Correlation coefficient

from Wikipedia, the free encyclopedia

The correlation coefficient, also known as the product-moment correlation, is a measure of the degree of the linear relationship between two at least interval-scaled features , which does not depend on the units of measurement and is therefore dimensionless. It can assume values ​​between and . With a value of (or ) there is a completely positive (or negative) linear relationship between the characteristics under consideration. If the correlation coefficient has the value , then the two features are not linearly related at all. However, regardless of this, they can depend on one another in a non-linear manner. The correlation coefficient is therefore not a suitable measure for the (pure) stochastic dependence on features.
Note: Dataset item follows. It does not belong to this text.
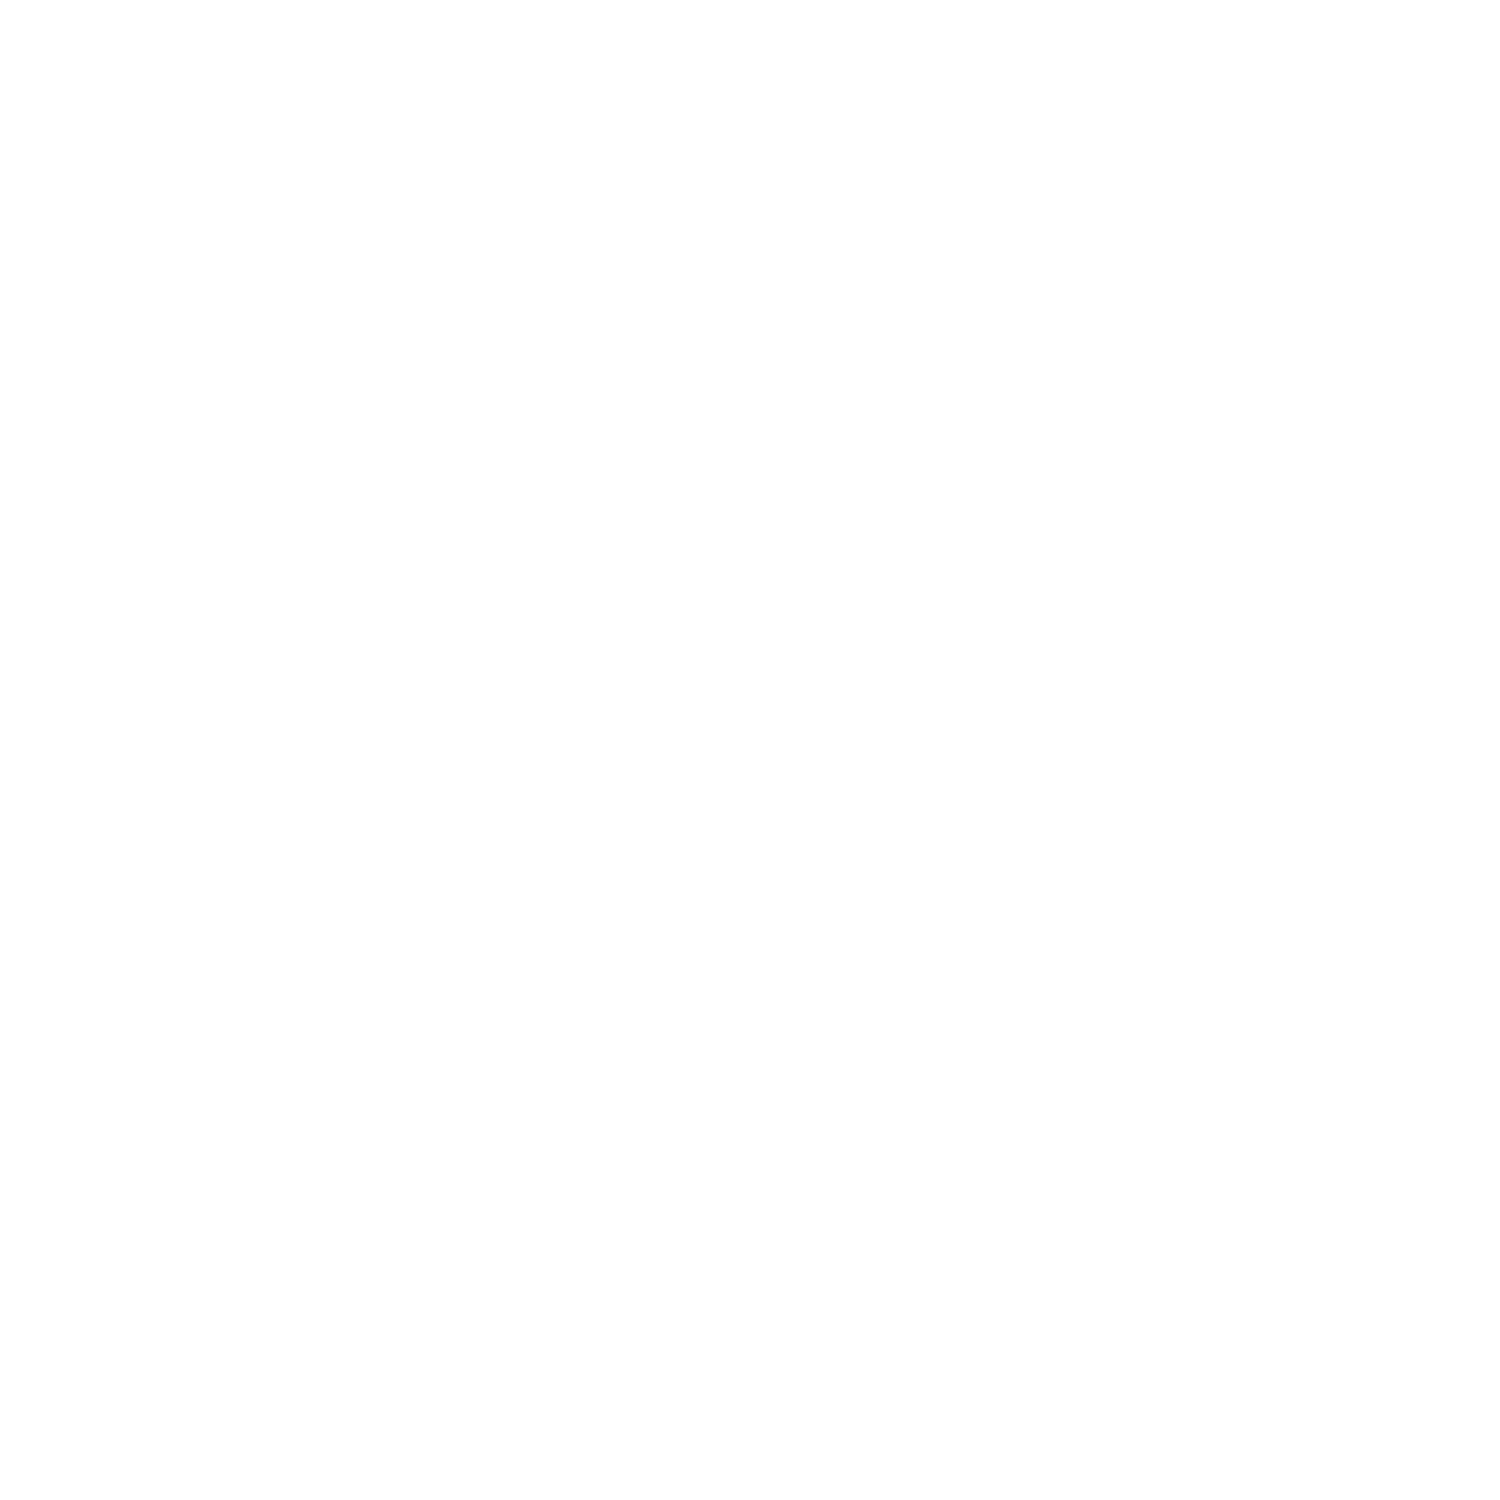 The BrandBar Agency

The square of the correlation coefficient represents the coefficient of determination . The correlation coefficient was first used by the British naturalist Sir Francis Galton (1822-1911) in the 1870s. Karl Pearson finally provided a formal mathematical justification for the correlation coefficient. Since it was popularized by Auguste Bravais and Pearson, the correlation coefficient is also called the Pearson correlation or Bravais-Pearson correlation .

Depending on whether the linear relationship between simultaneous measured values ​​of two different characteristics or that between measured values ​​of a single characteristic that differ over time is considered, one speaks of either cross-correlation or cross- autocorrelation (see also time series analysis ).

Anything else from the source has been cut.